Like most preschoolers, my son could be a handful when he was 3 years old. But even when he was naughty, he was so adorable that I couldn't bring myself to discipline him properly. He'd act up, then he'd flash a mischievous grin that made me laugh and forgive him. My husband and I let him get away with much more than we should have. And many times, we gave in to Eric's demands because we were too tired to deal with the whining or crying that set in when we did say no. The result: Eric turned into a discipline nightmare.
So how did I put an end to the madness? By changing my discipline habits. For starters, I realized that I had to set rules, then stand firm no matter what. And if he didn't follow them, I had to enforce consequences. "If a child can make you change your mind just once, your 'rules' become something he can ignore," says developmental psychiatrist Denis Donovan, M.D., author of What Did I Just Say!?! Could you use a little backbone in the discipline department too? Try these strategies for dealing more effectively with common behavior problems.Hitting
- Why kids do it: Hitting is a normal phase in toddler development, and it usually begins at about 2 years old. But this does not mean you should ignore your child's aggressive acts. You need to teach toddlers that hitting is wrong and help them learn to control their impulses.
- Are you handling it wrong? You need to discipline hitting immediately. "When you say to a child, 'If you hit him again, we're leaving,' you're giving him permission to do it one more time before he gets in trouble," says Edward R. Christophersen, Ph.D., coauthor of Parenting That Works: Building Skills That Last a Lifetime. In your child's mind, saying this is the same as giving him the go-ahead—and that's not the message you want to send.
- How to stop the bad behavior for good: Never let your child get away with hitting. When he whacks another toddler—or you—immediately pull him away and say, "No hitting. Hitting hurts." Stating your rule and then explaining it will help him understand why he should follow it. Then remove him from the situation. If you're at the playground, leave immediately. If you're at home, put your preschooler in a two-minute time-out. And be sure that hitting doesn't pay off. If he hit a playmate while grabbing for a toy, be sure to take away the toy. He'll begin to realize that using words and gestures is more effective.
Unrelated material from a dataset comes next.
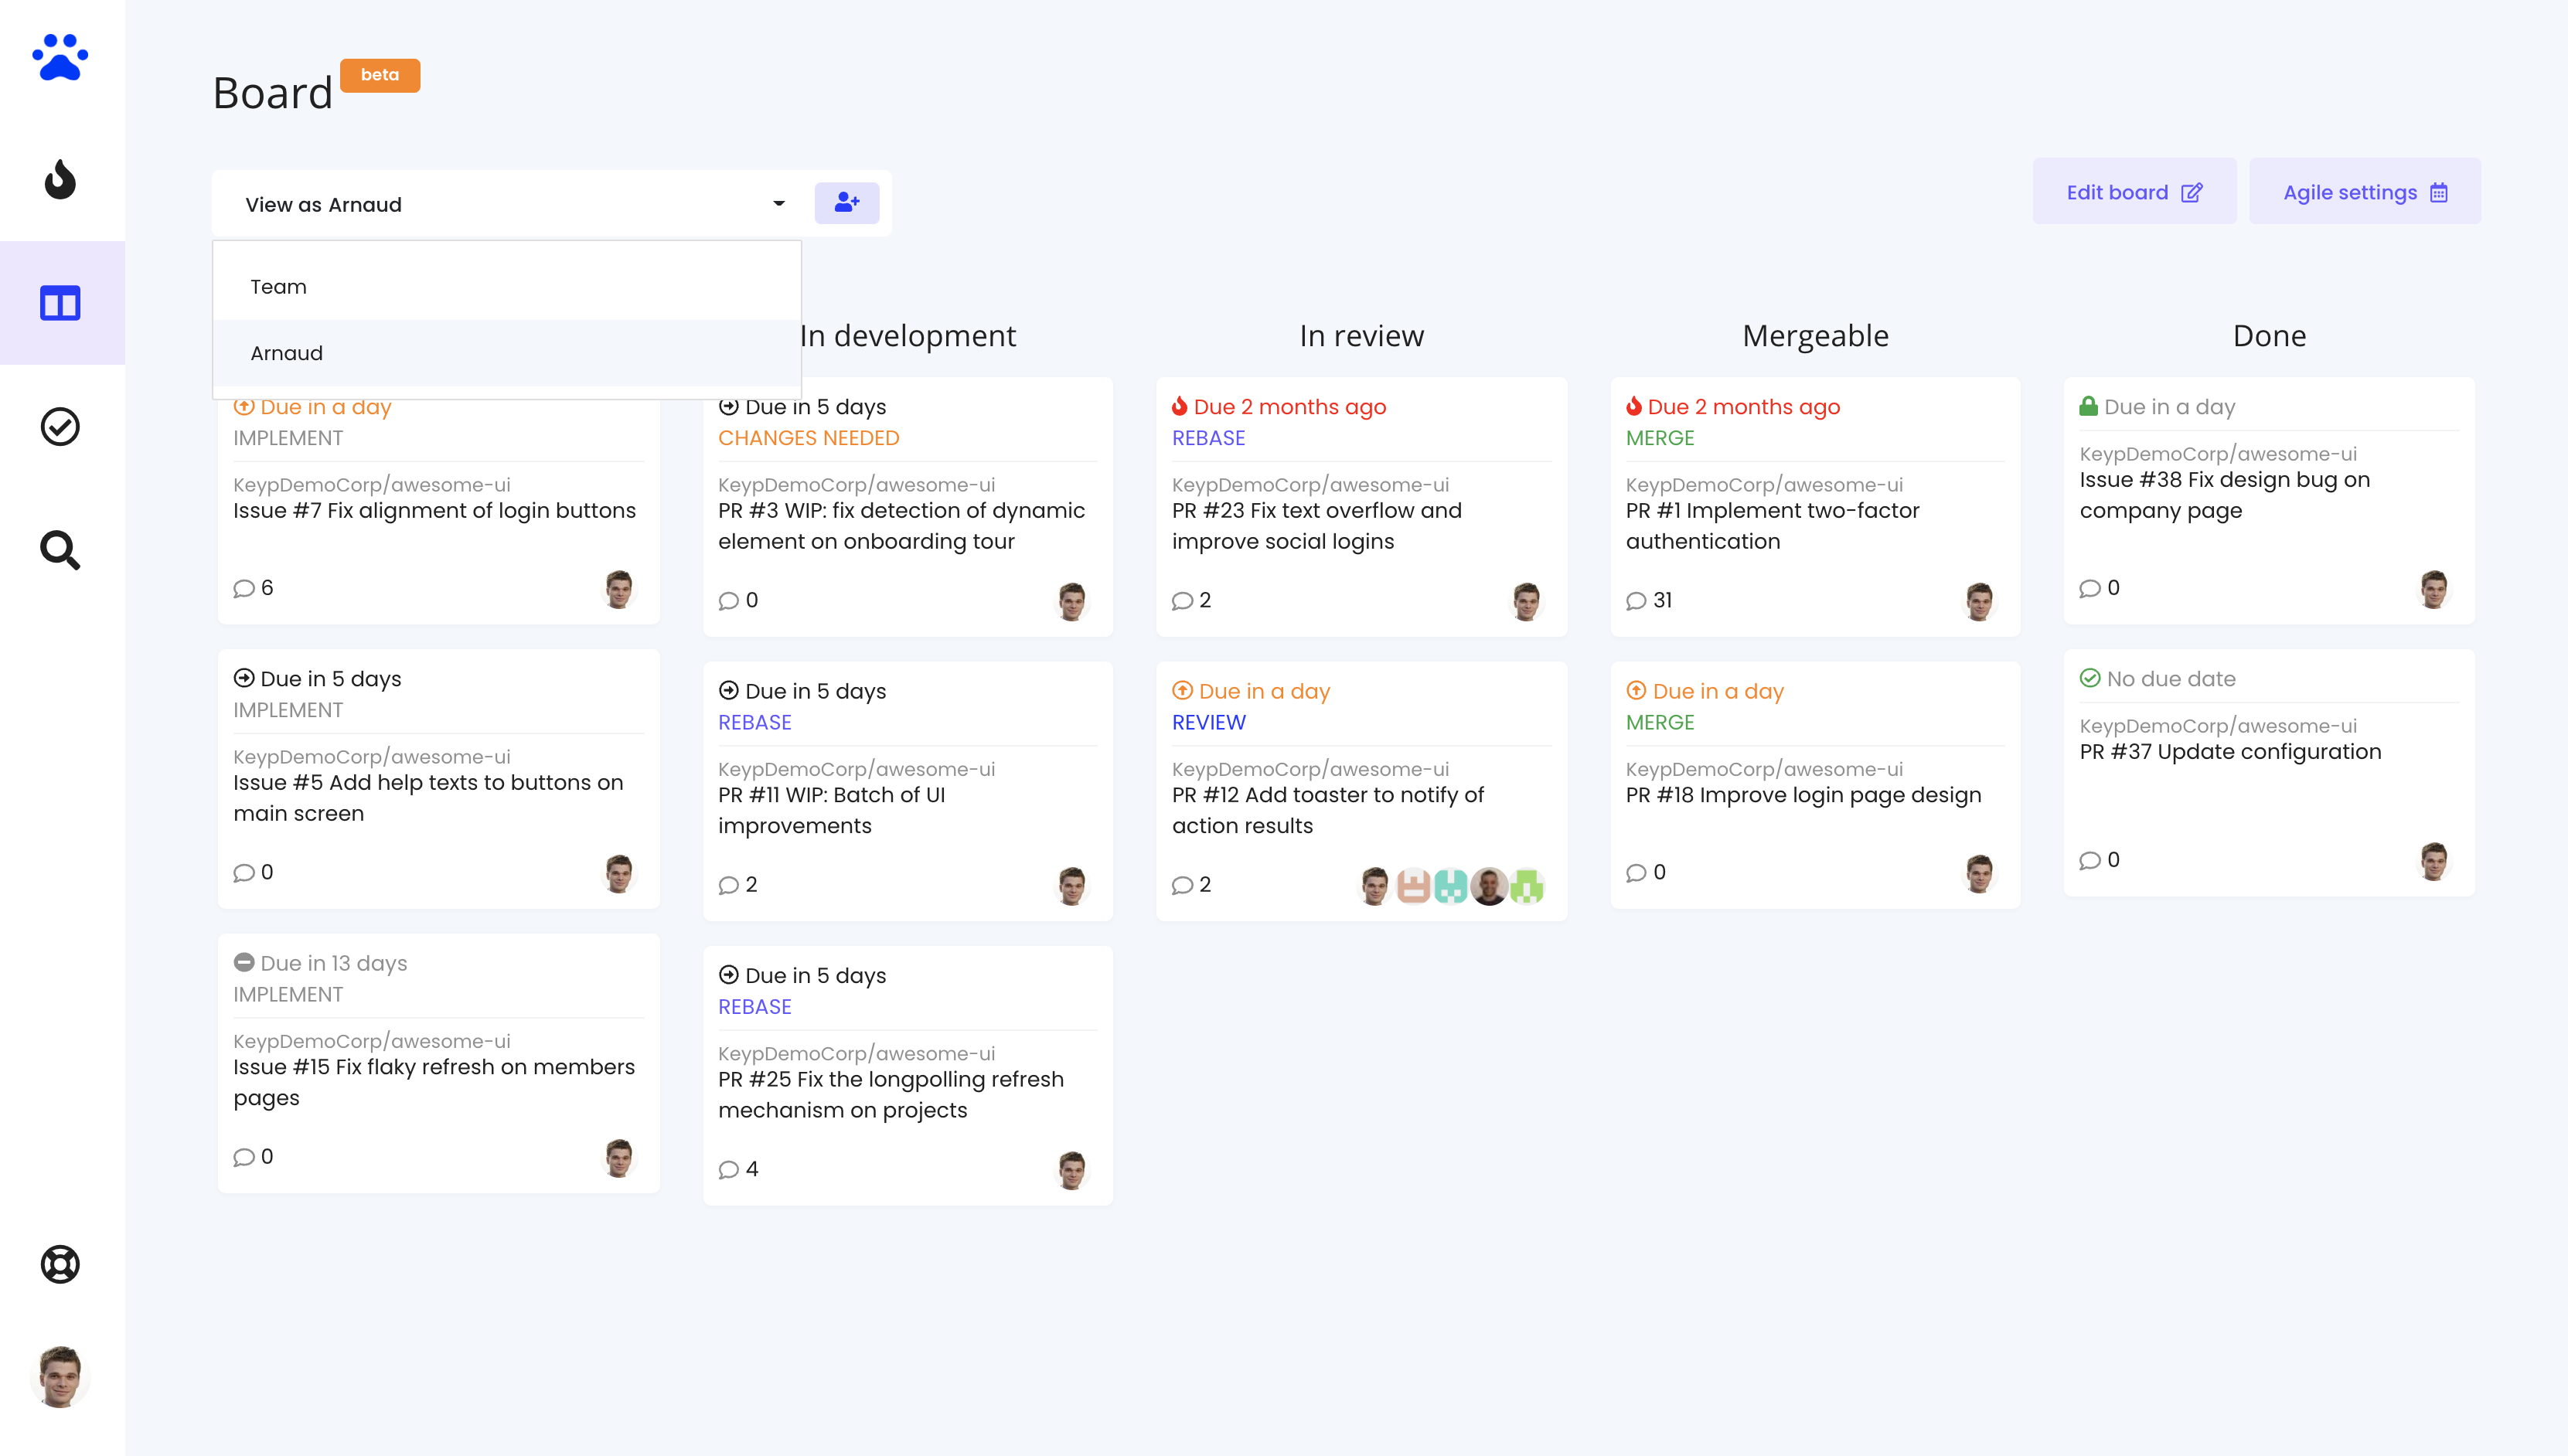 3 prioritization levels - Priority Inbox

- Why kids do it: Because it works! Whining grates on parents' nerves, so they tend to give in rather easily, says Thomas W. Phelan, Ph.D., creator of the DVD 1-2-3 Magic: Managing Difficult Behavior in Children 2-12.
- Are you handling it wrong? Admit it—kids sometimes need to whine to get our attention. When your child asks for something in a normal tone of voice, you may ignore her or just say no because you're too busy or too tired to deal with whatever she wants at the moment. That irritating voice is supereffective—it gets you to turn around and focus on what she's saying.
- How to stop the bad behavior for good: Simply tell your child, "I don't listen to whiny voices. If you ask me in a nice voice, I'll help you get what you want." Then keep the promise. Really listen when your daughter asks for something. Don't say no automatically—think about whether there's a valid reason to refuse her request. If there is, explain why so that your child knows you mean it. While she may not be happy, she'll stop whining.